(COLLECTED DATA Opens)
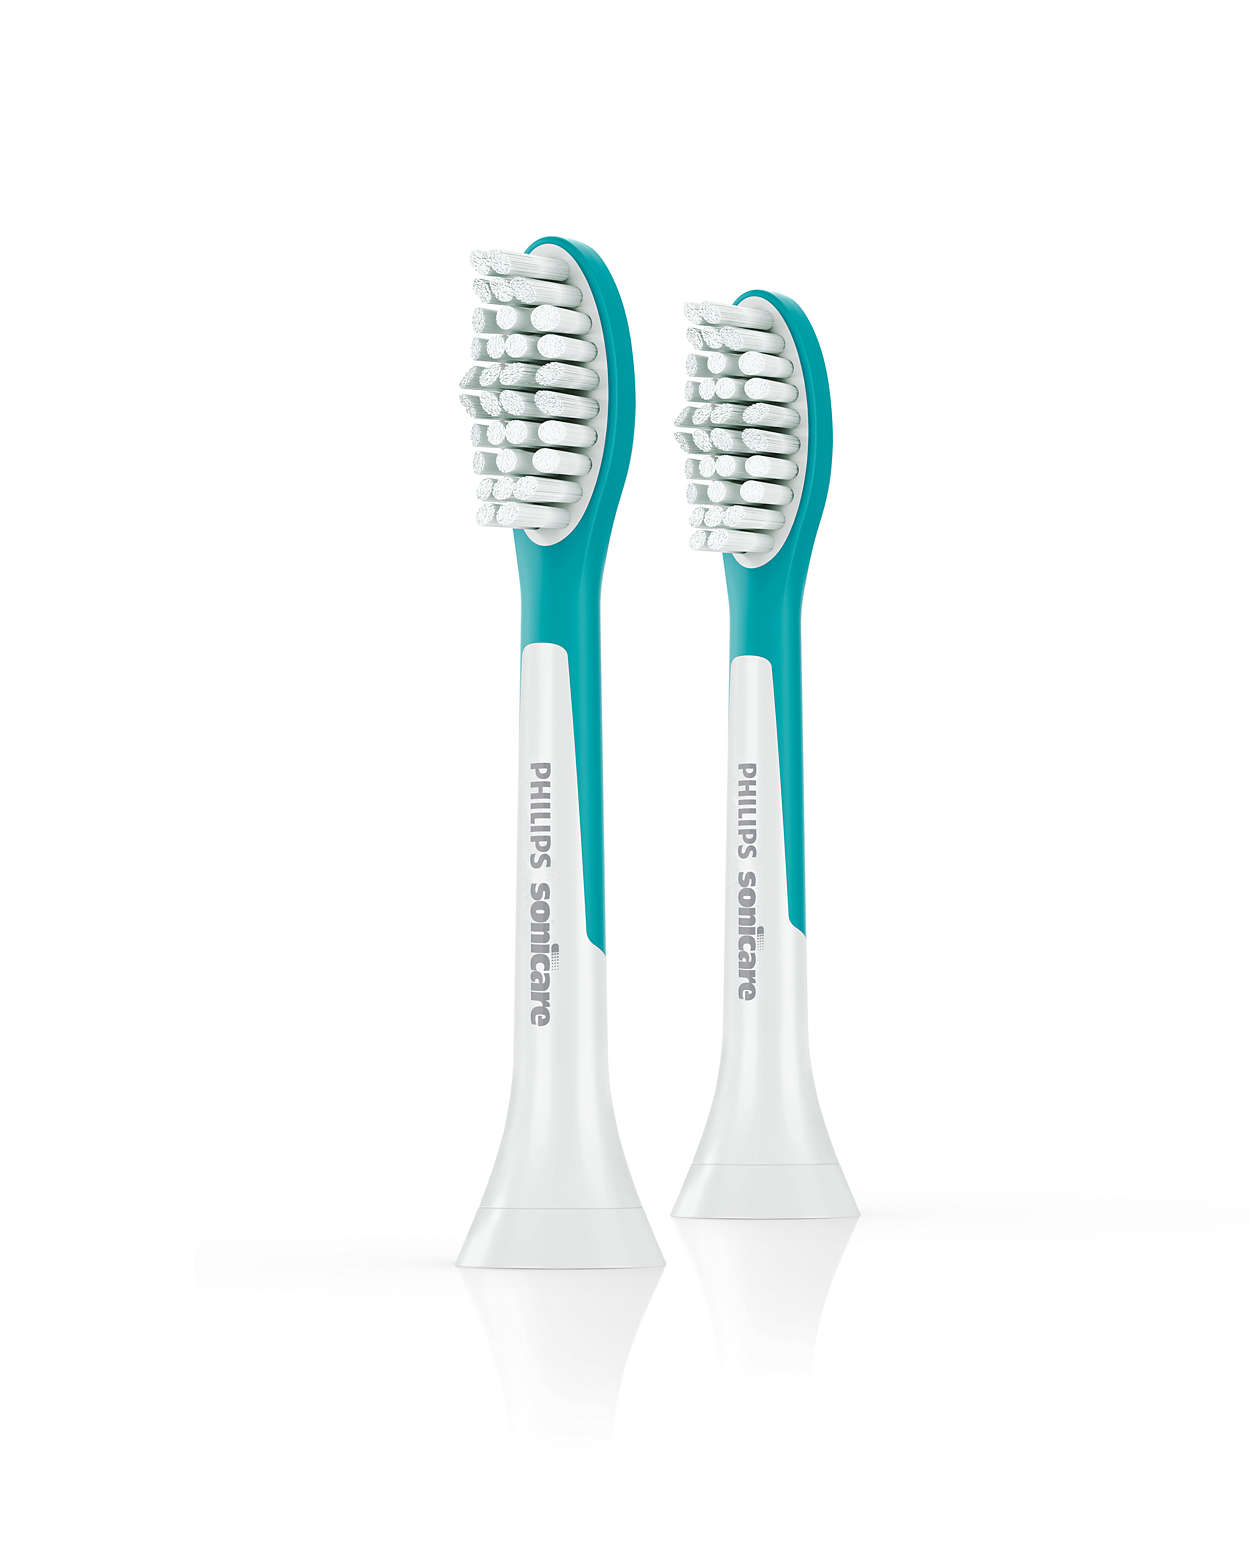 sonicare toothbrush heads costco
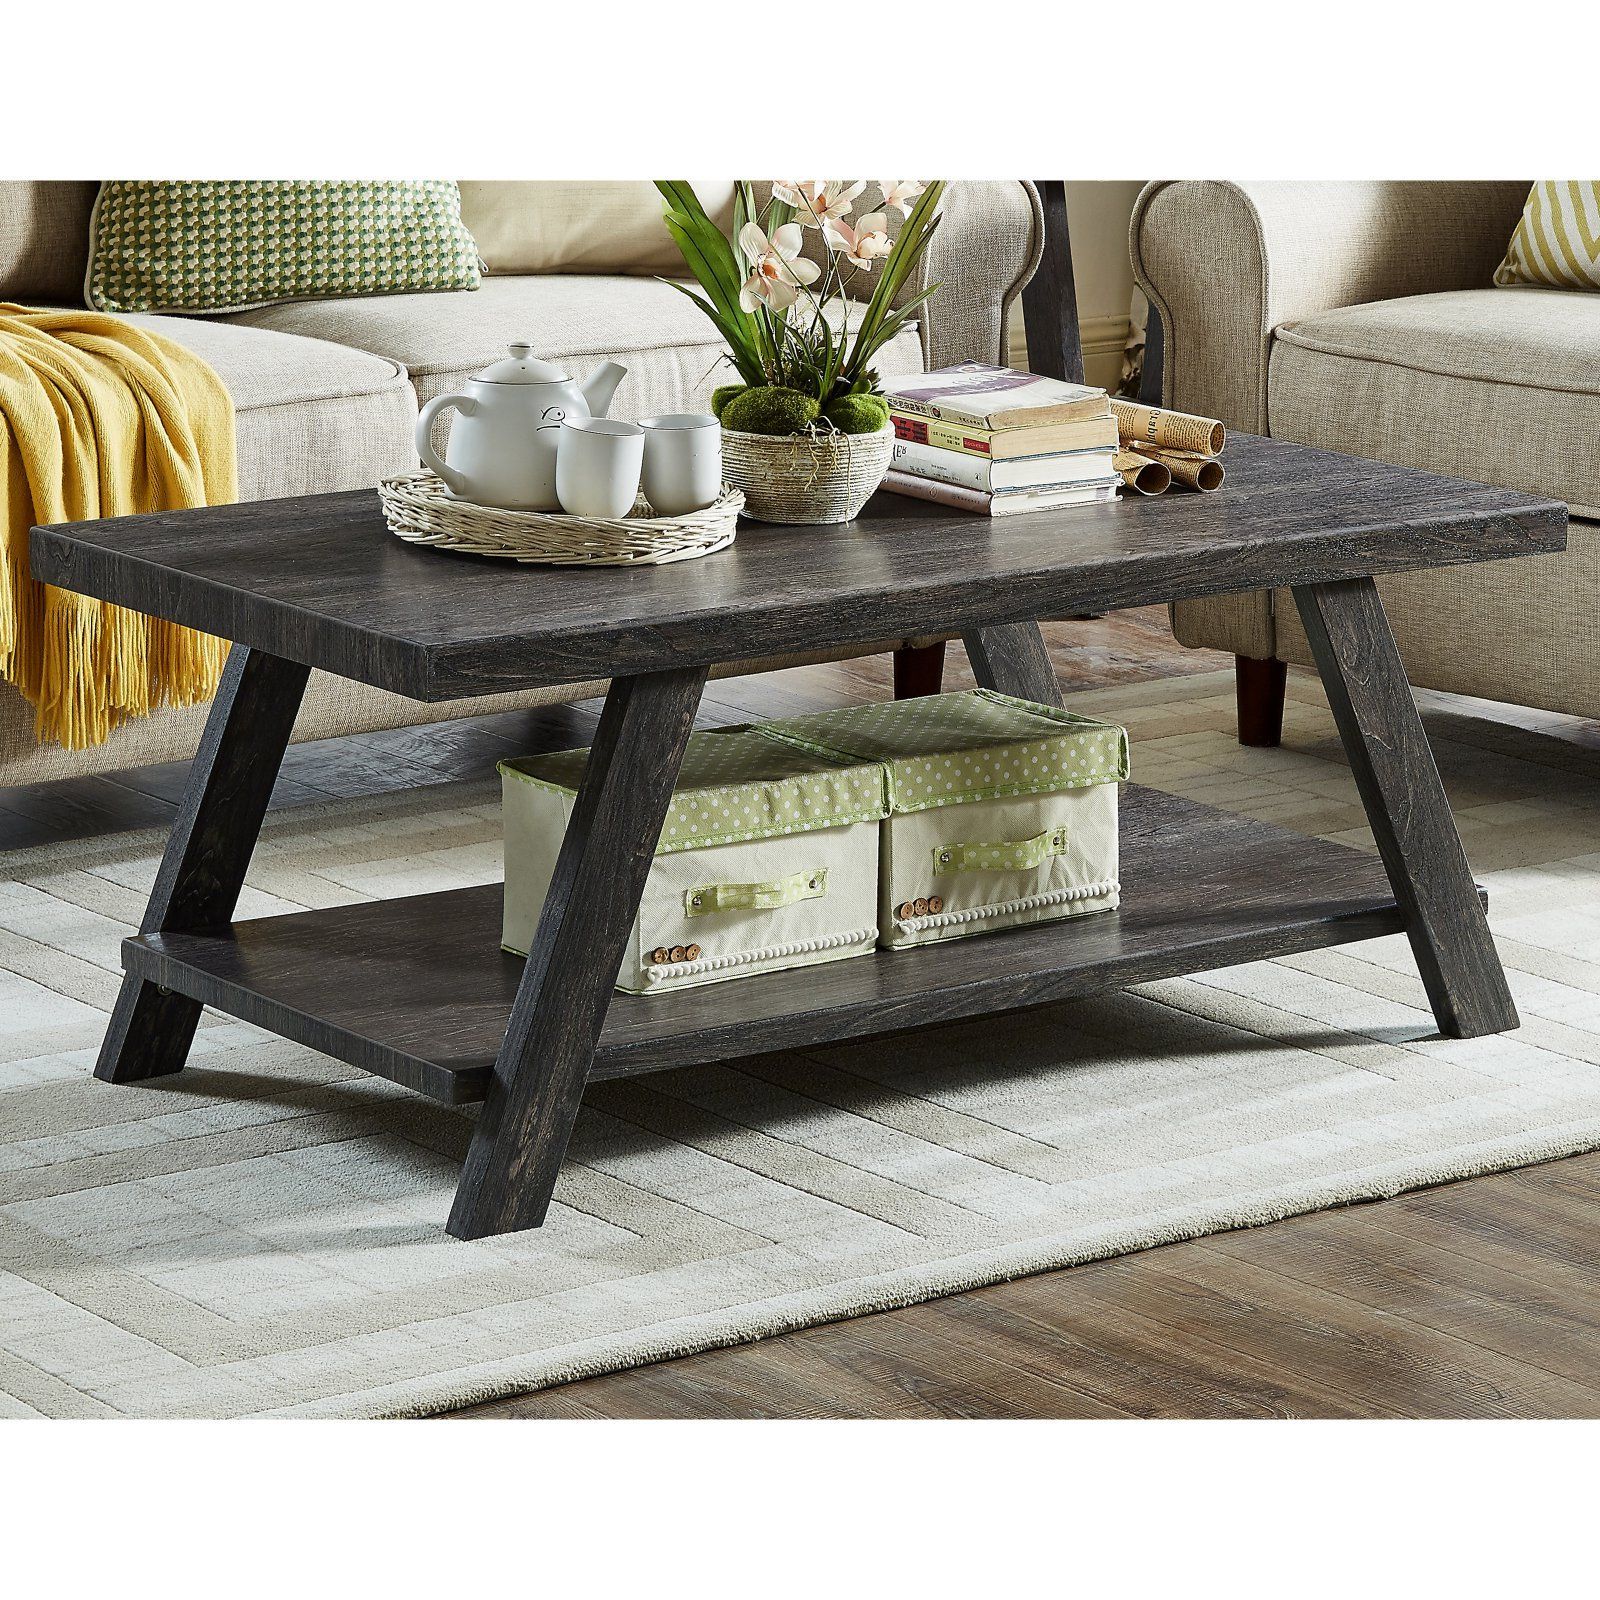 Well Liked Pemberly Row Replicated Wood Coffee Tables With Dimensions: 48w X 24d X 19h In.. Wood And Hardwood Veneer Construction (Photo 1 of 15)
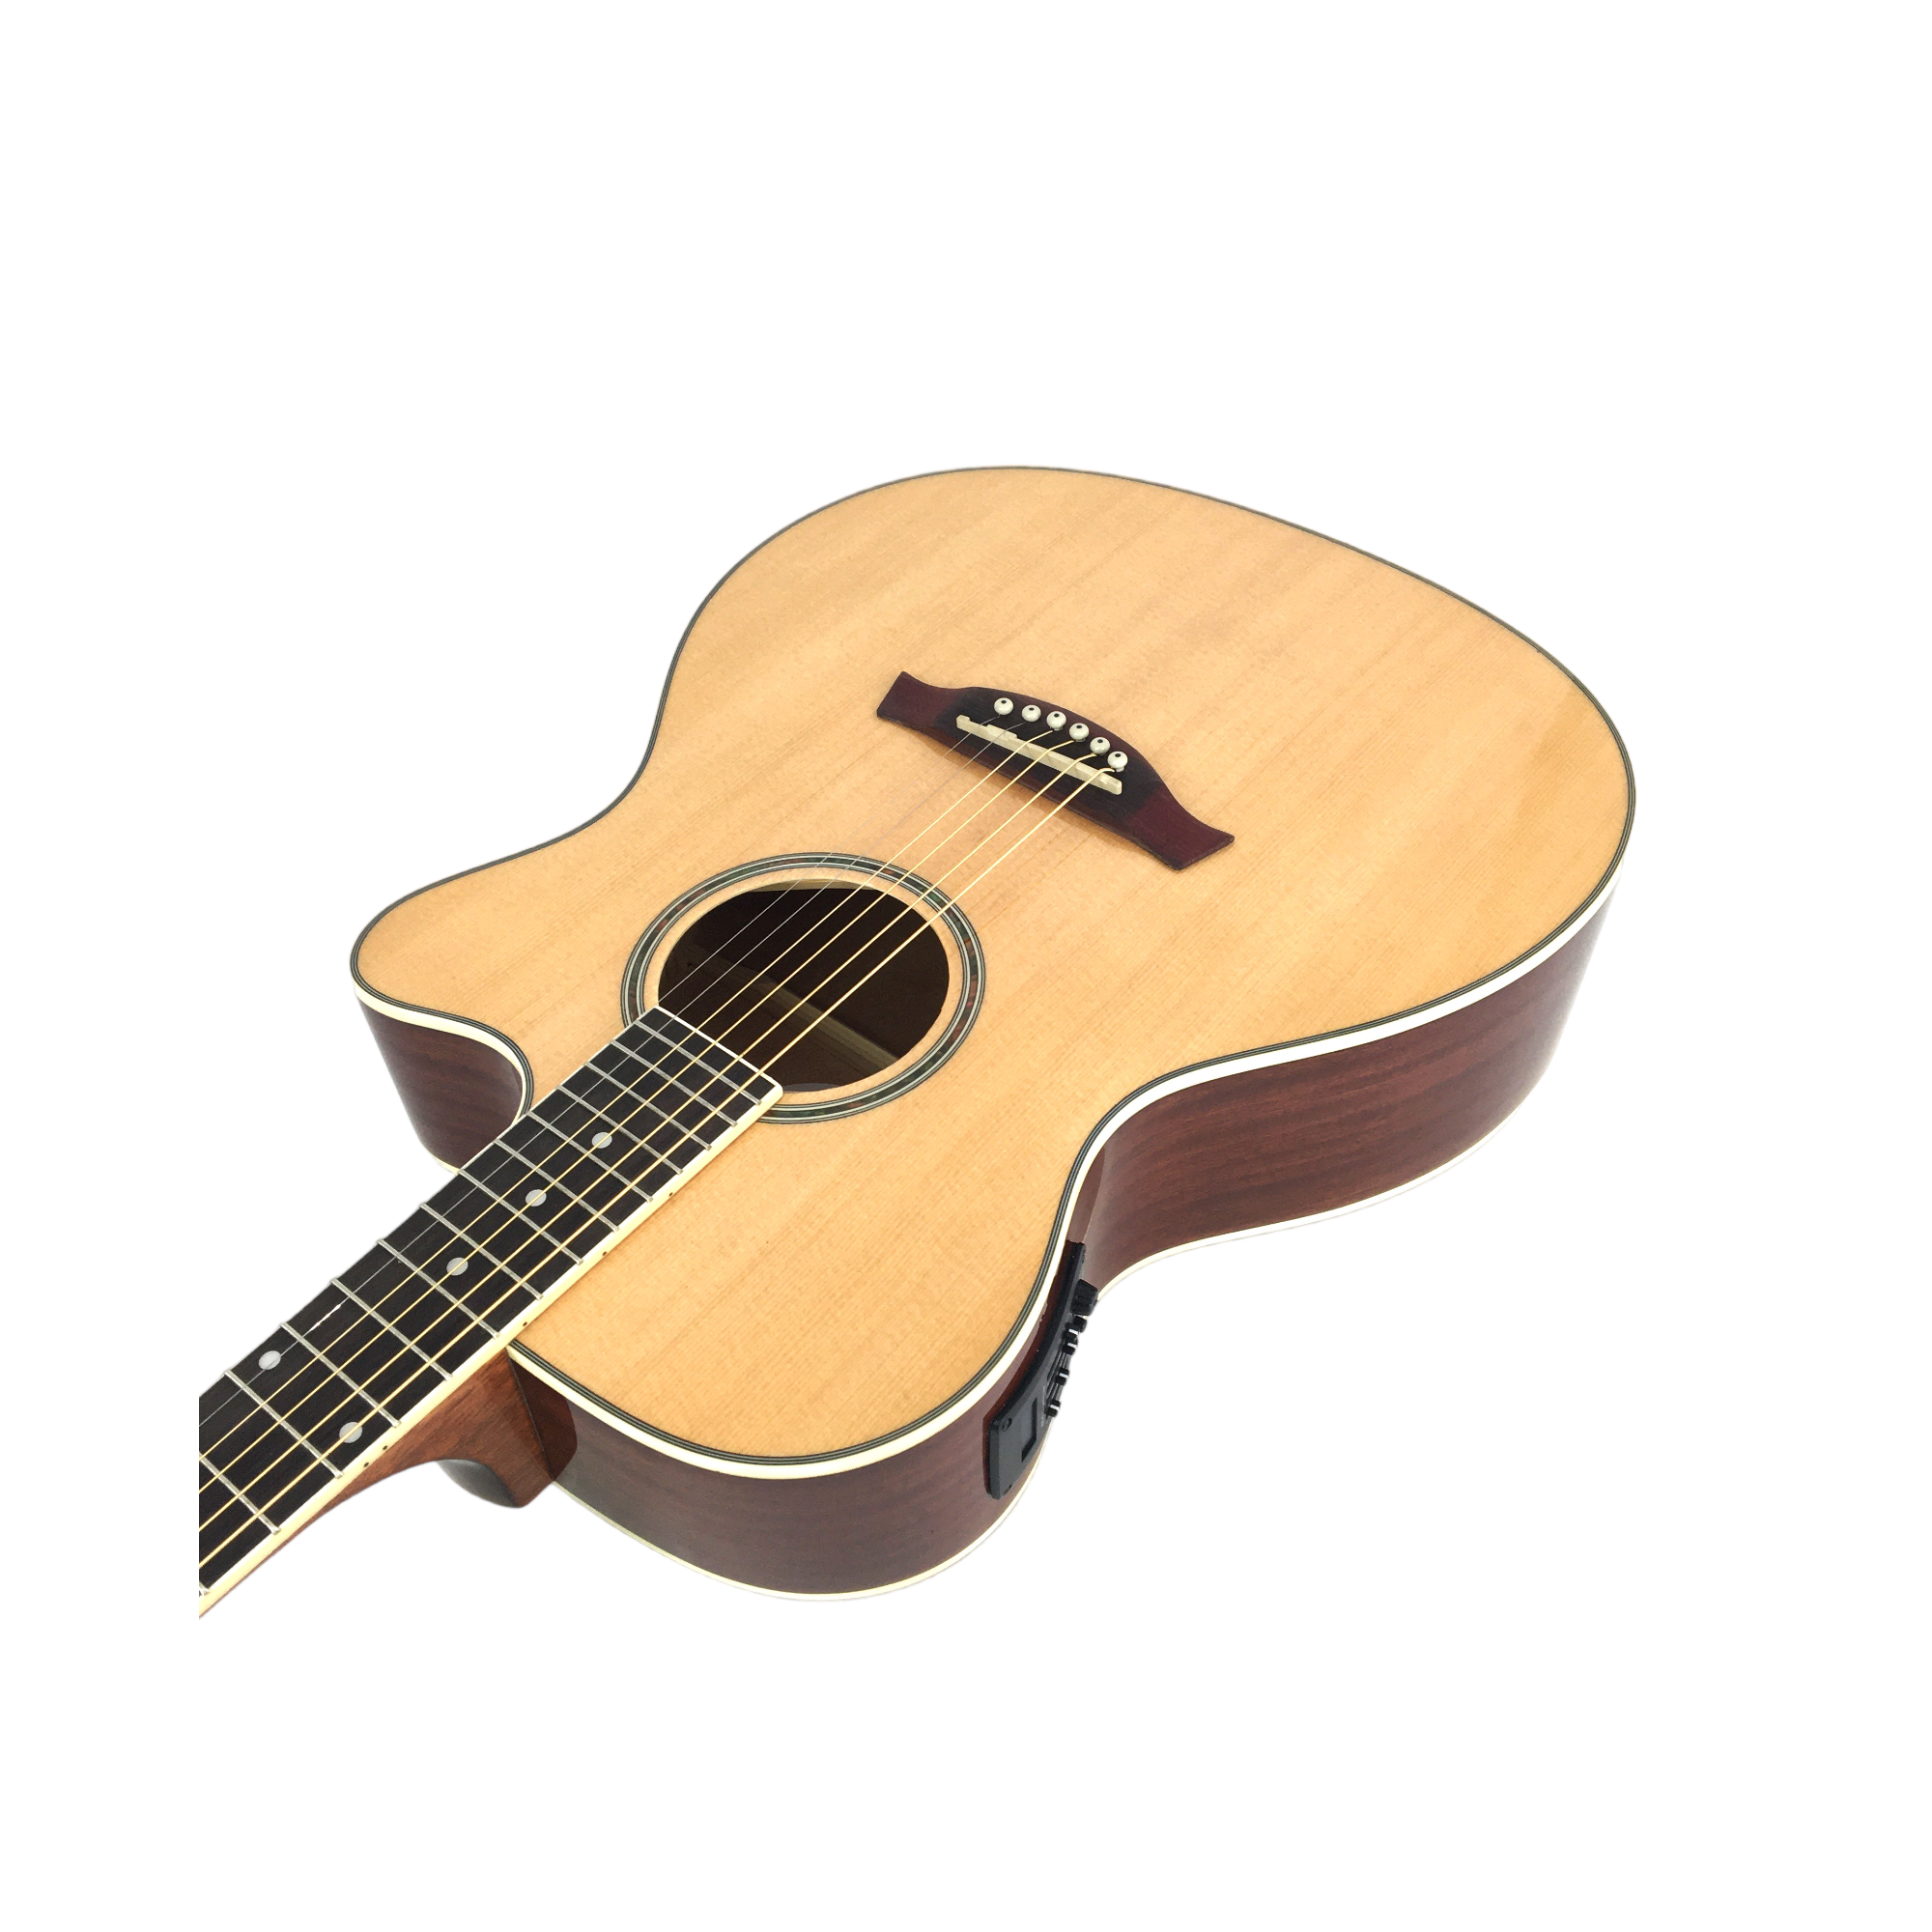 Enhanced Acoustic Experience: 40 Hs-gypsy-ceq/gc OM Type Guitar With  Built-in EQ, Cutaway Design, Includes Free Bag and More
(COLLECTED DATA Closes)
:: ACTIVITY ::
Set down, in exact form, only the lines that start at the one containing "Well Liked Pemberly" and finish at the last line of the material; pictures do not go in.

:: TASK RESULT ::
 Well Liked Pemberly Row Replicated Wood Coffee Tables With Dimensions: 48w X 24d X 19h In.. Wood And Hardwood Veneer Construction (Photo 1 of 15)
 Enhanced Acoustic Experience: 40 Hs-gypsy-ceq/gc OM Type Guitar With  Built-in EQ, Cutaway Design, Includes Free Bag and More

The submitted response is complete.